> DATA EXTRACT
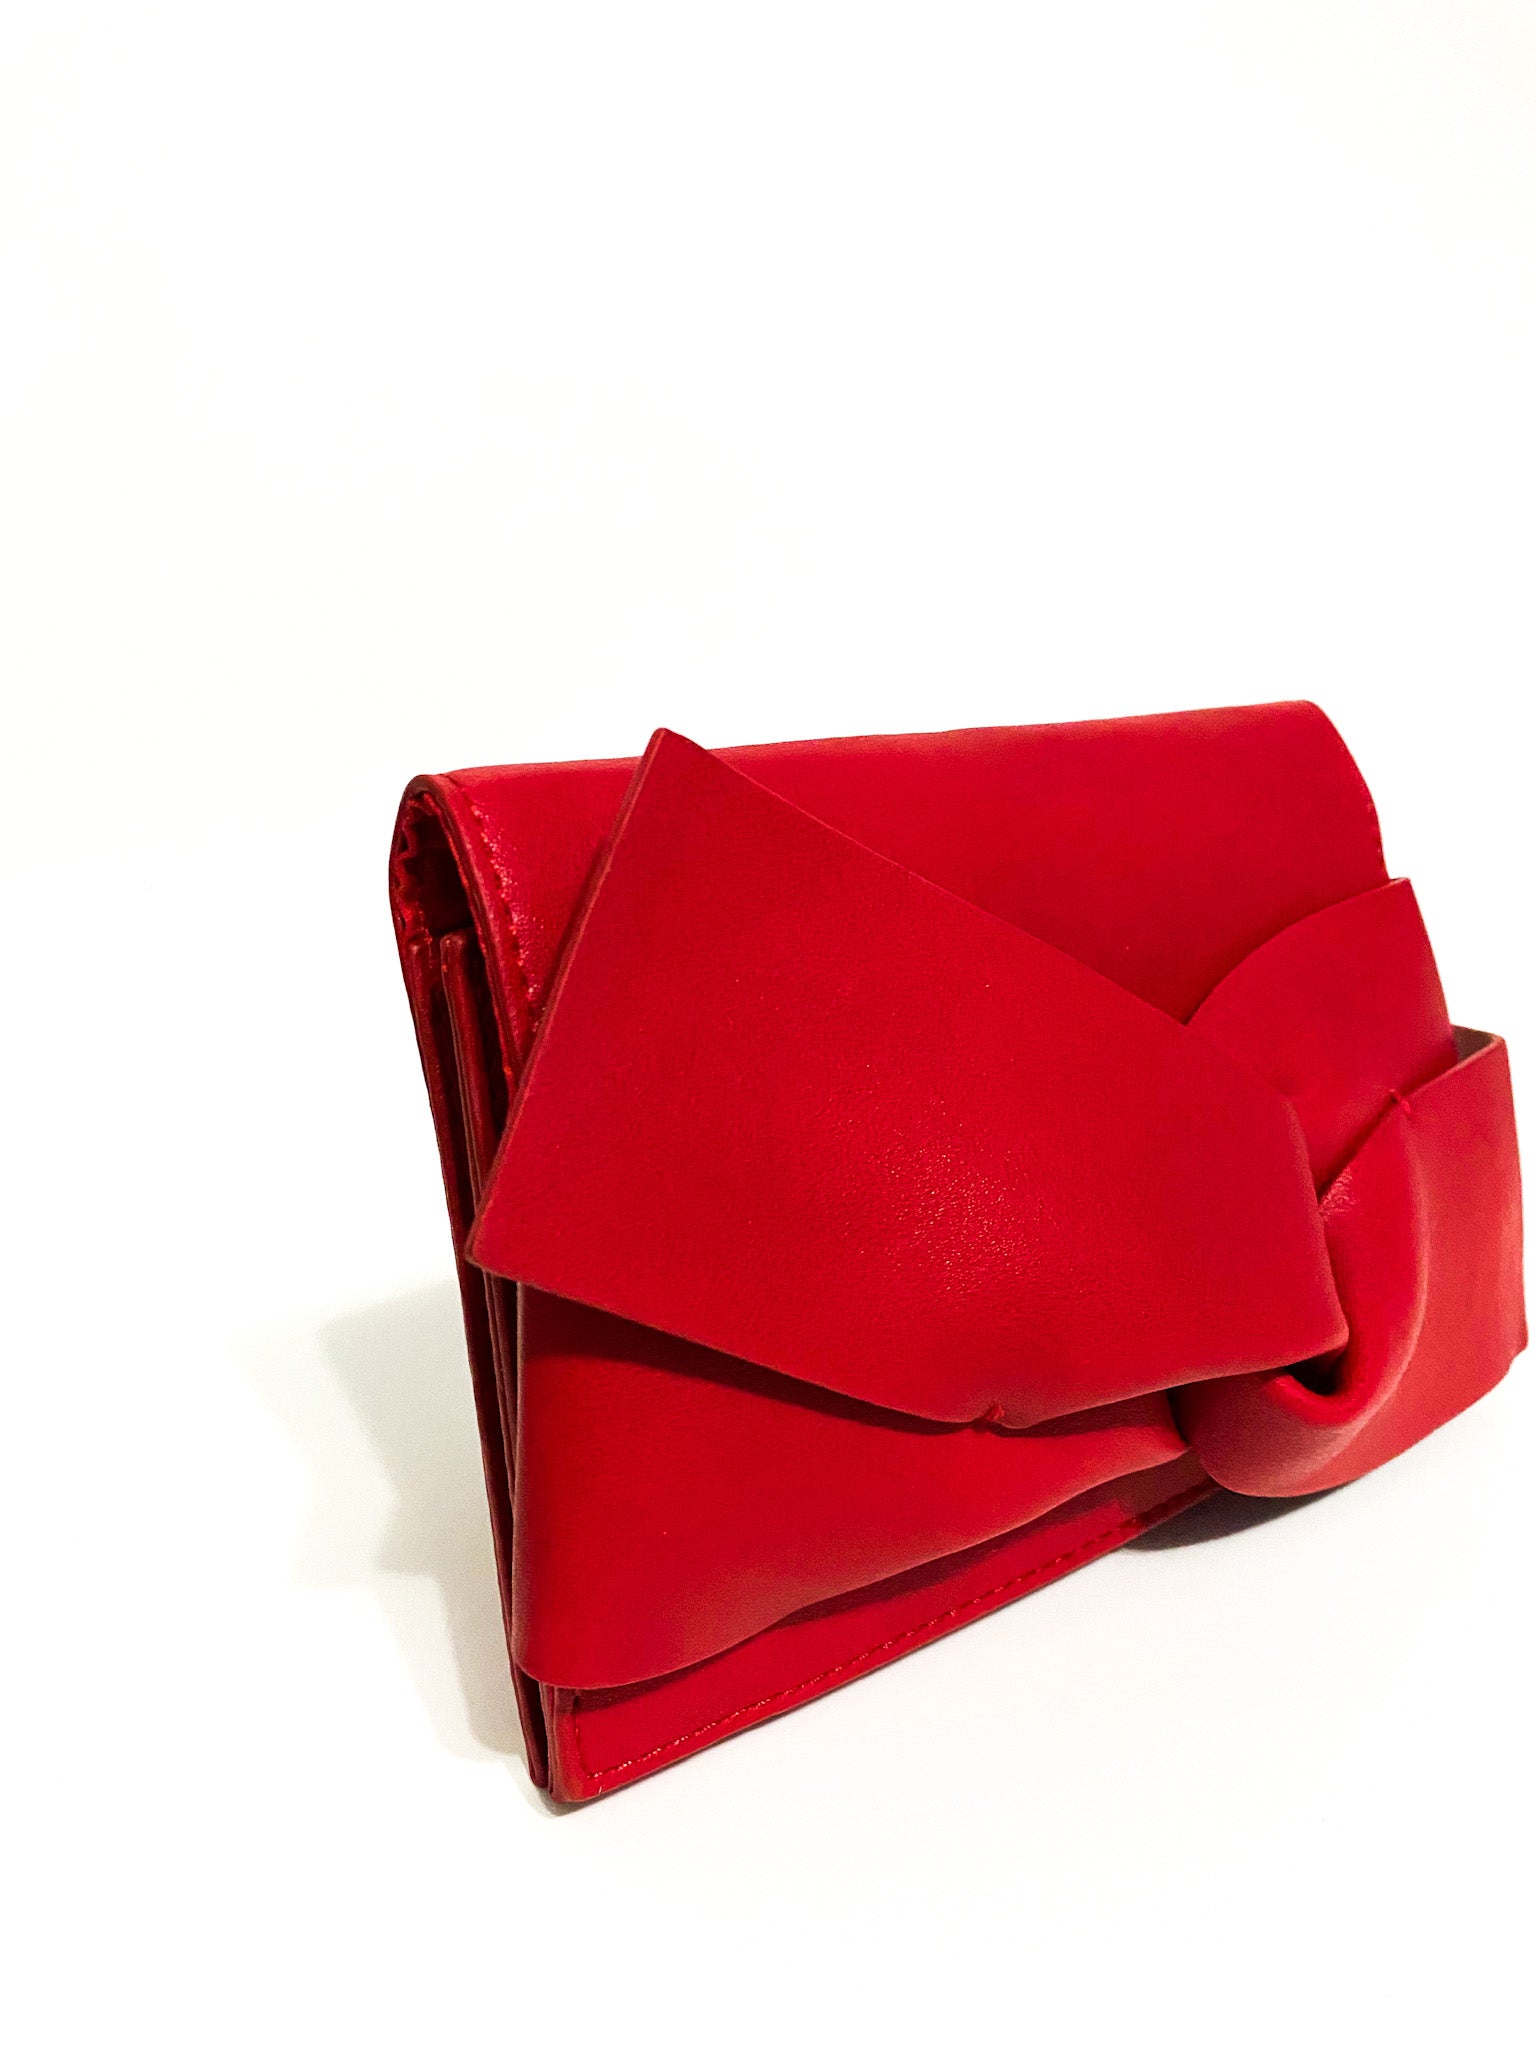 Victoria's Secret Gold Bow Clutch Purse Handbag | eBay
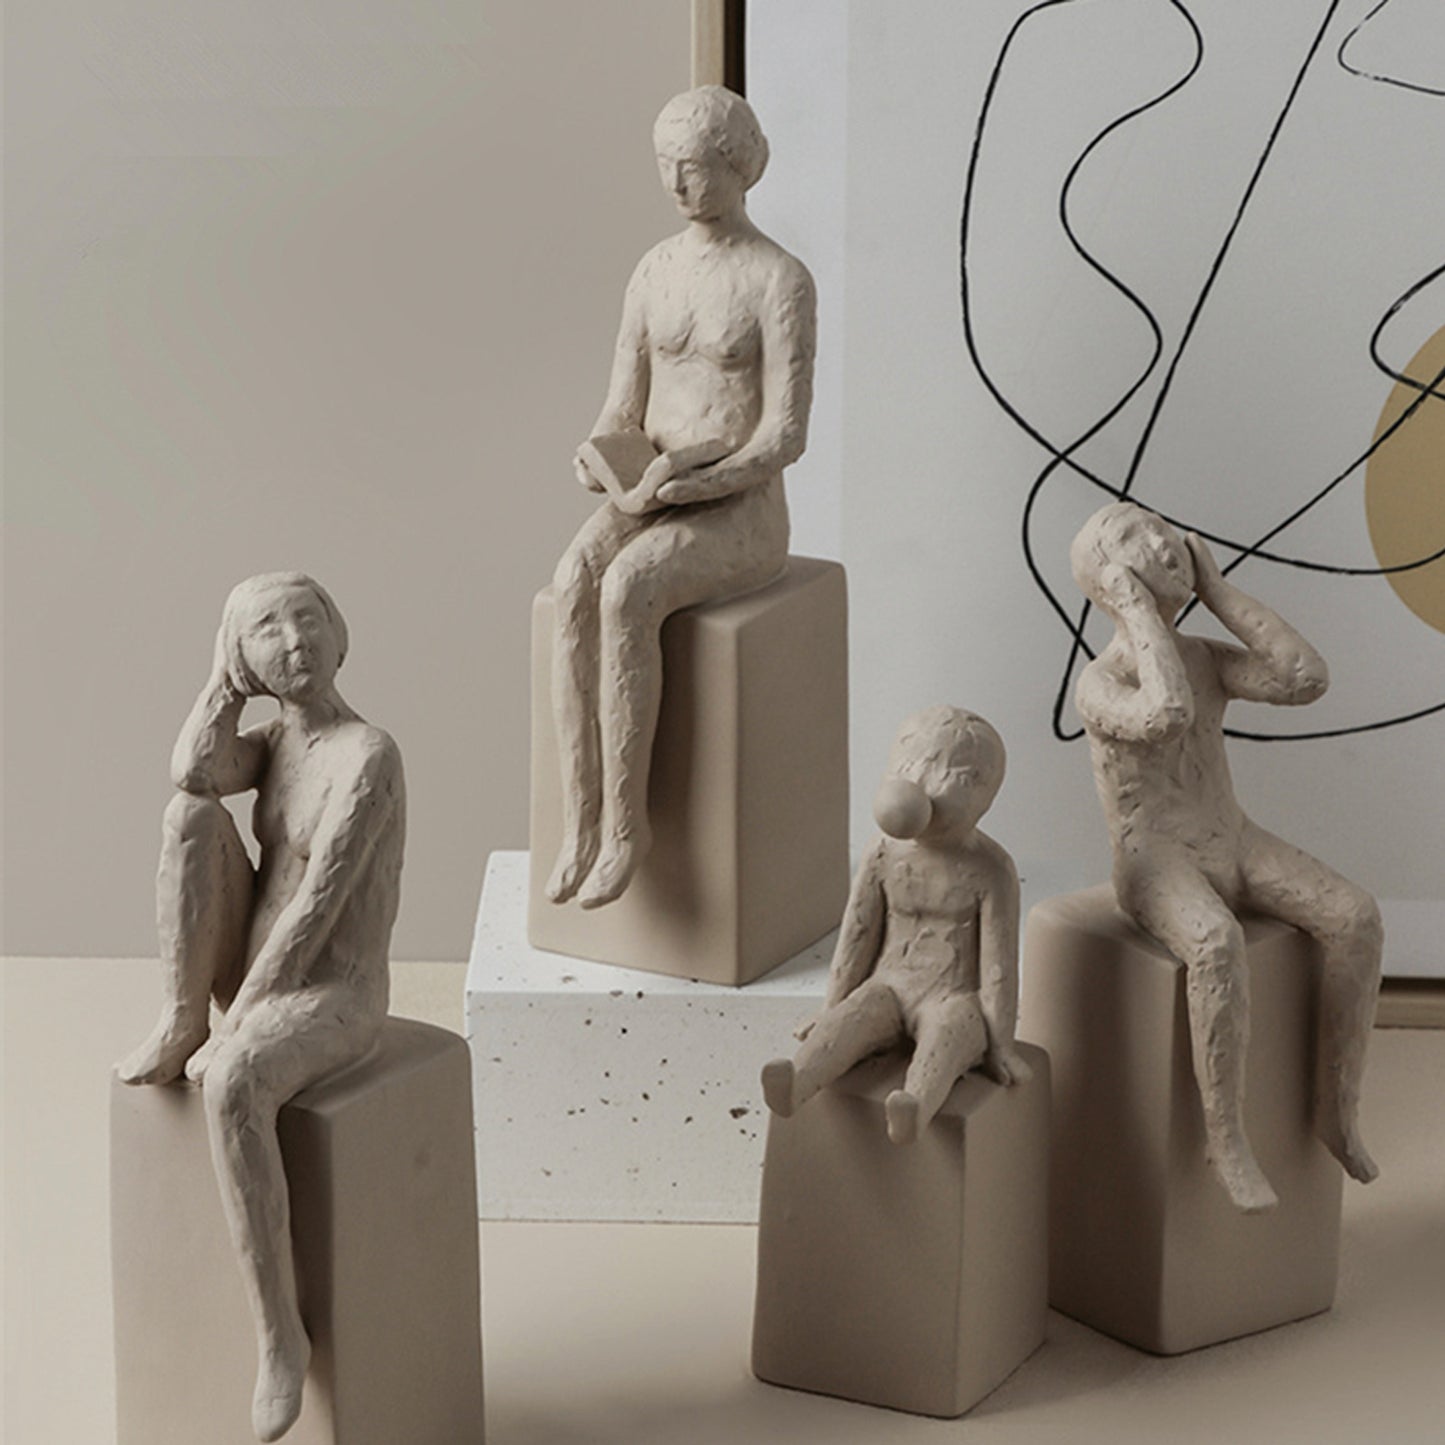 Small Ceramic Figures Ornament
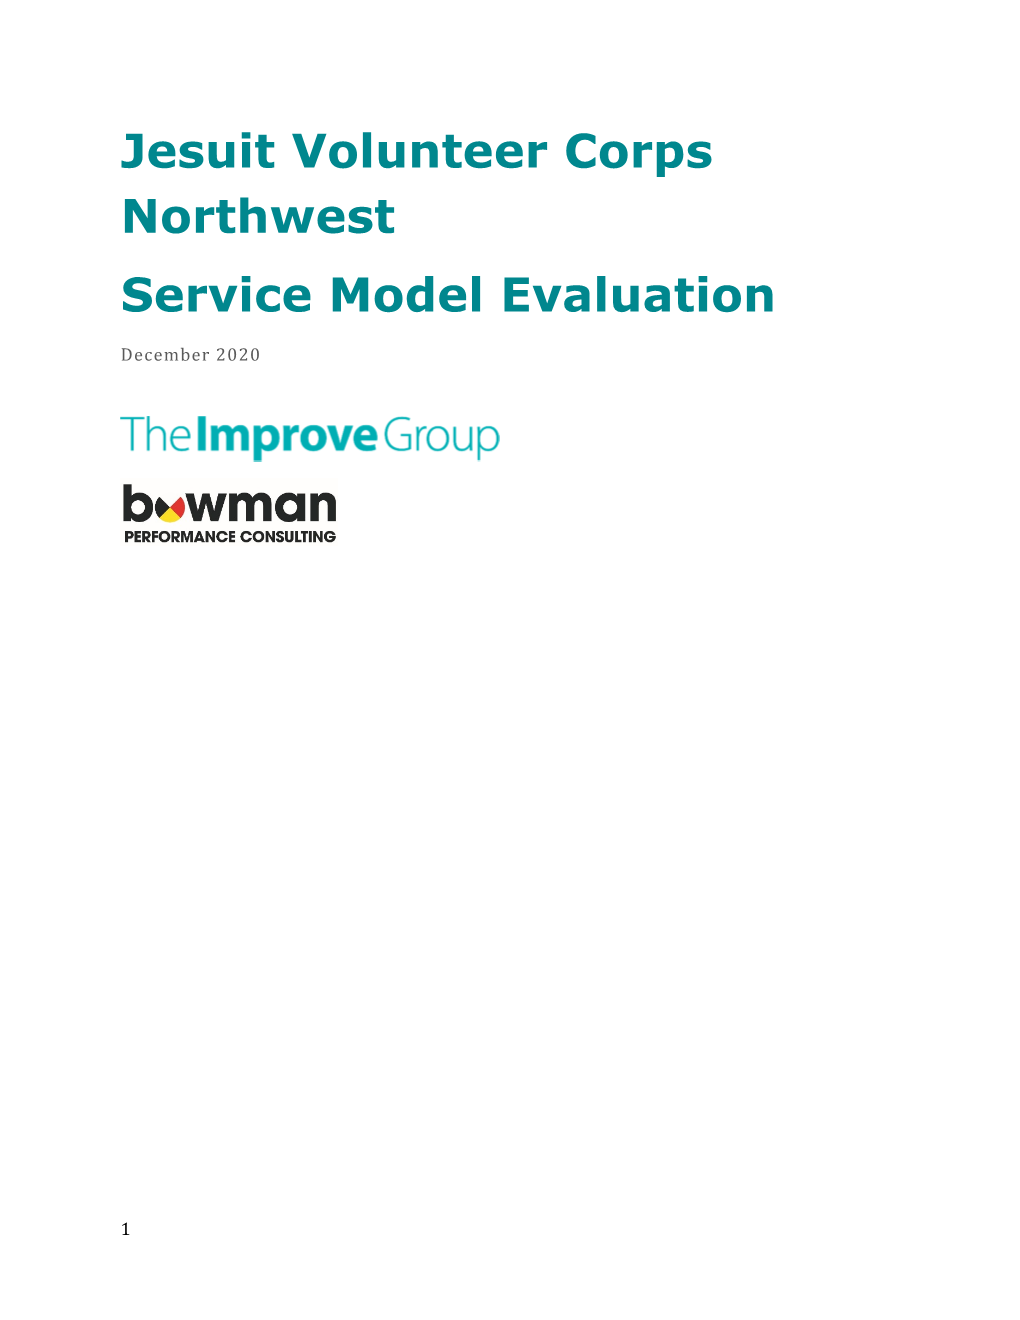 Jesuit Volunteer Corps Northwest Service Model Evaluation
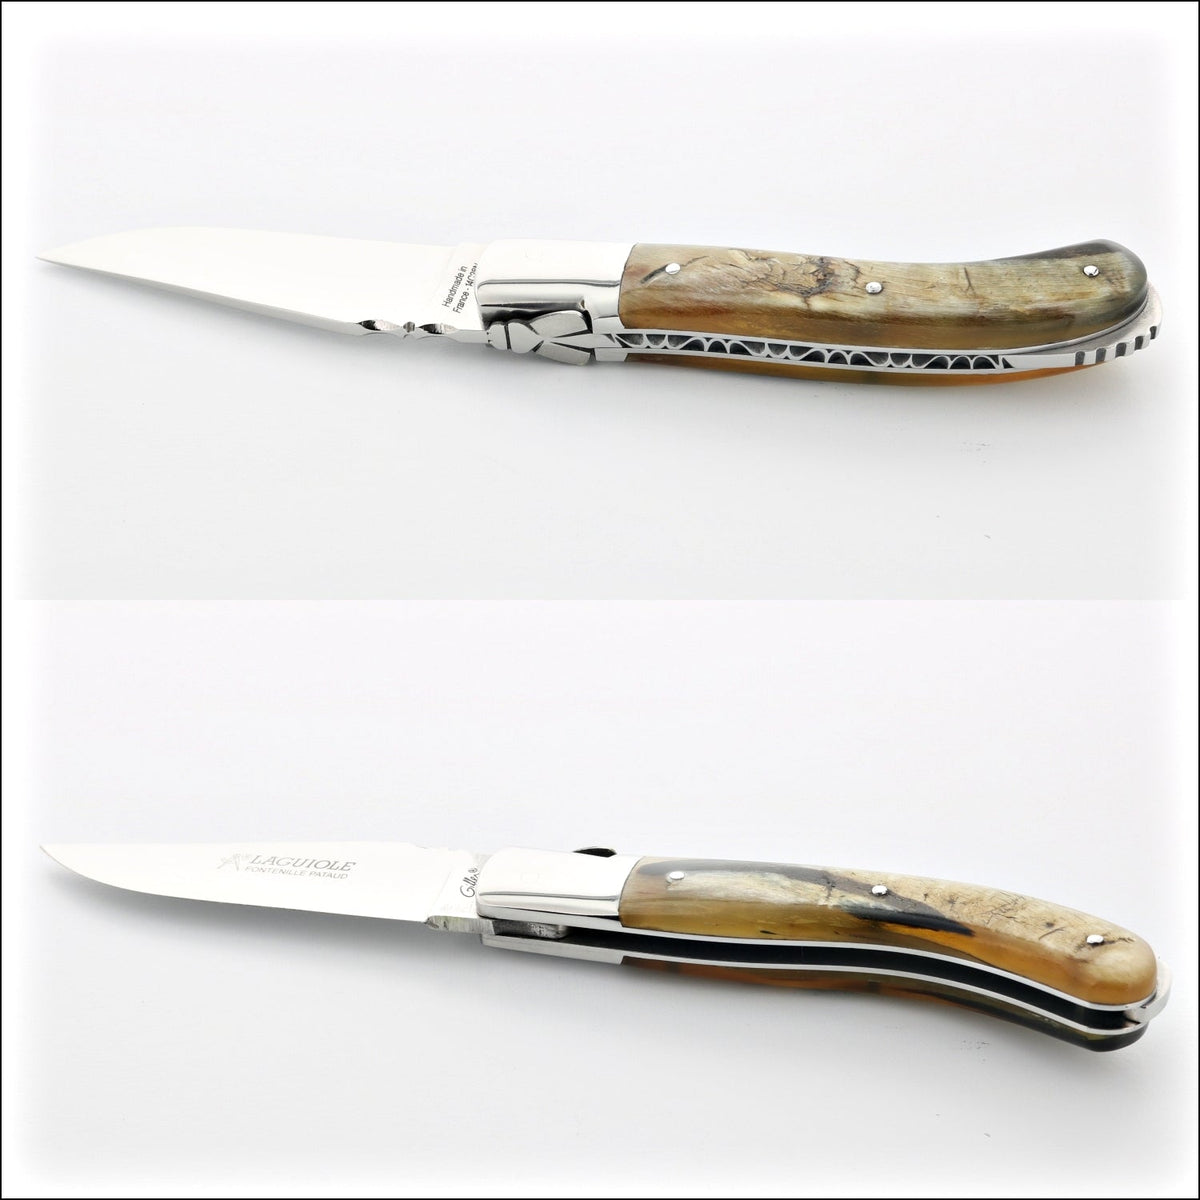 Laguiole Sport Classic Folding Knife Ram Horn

> ACTIVITY
Return the material exactly as given above, picture-free.

> SOLUTION BELOW
 Victoria's Secret Gold Bow Clutch Purse Handbag | eBay
 Small Ceramic Figures Ornament
 Jesuit Volunteer Corps Northwest Service Model Evaluation
 Laguiole Sport Classic Folding Knife Ram Horn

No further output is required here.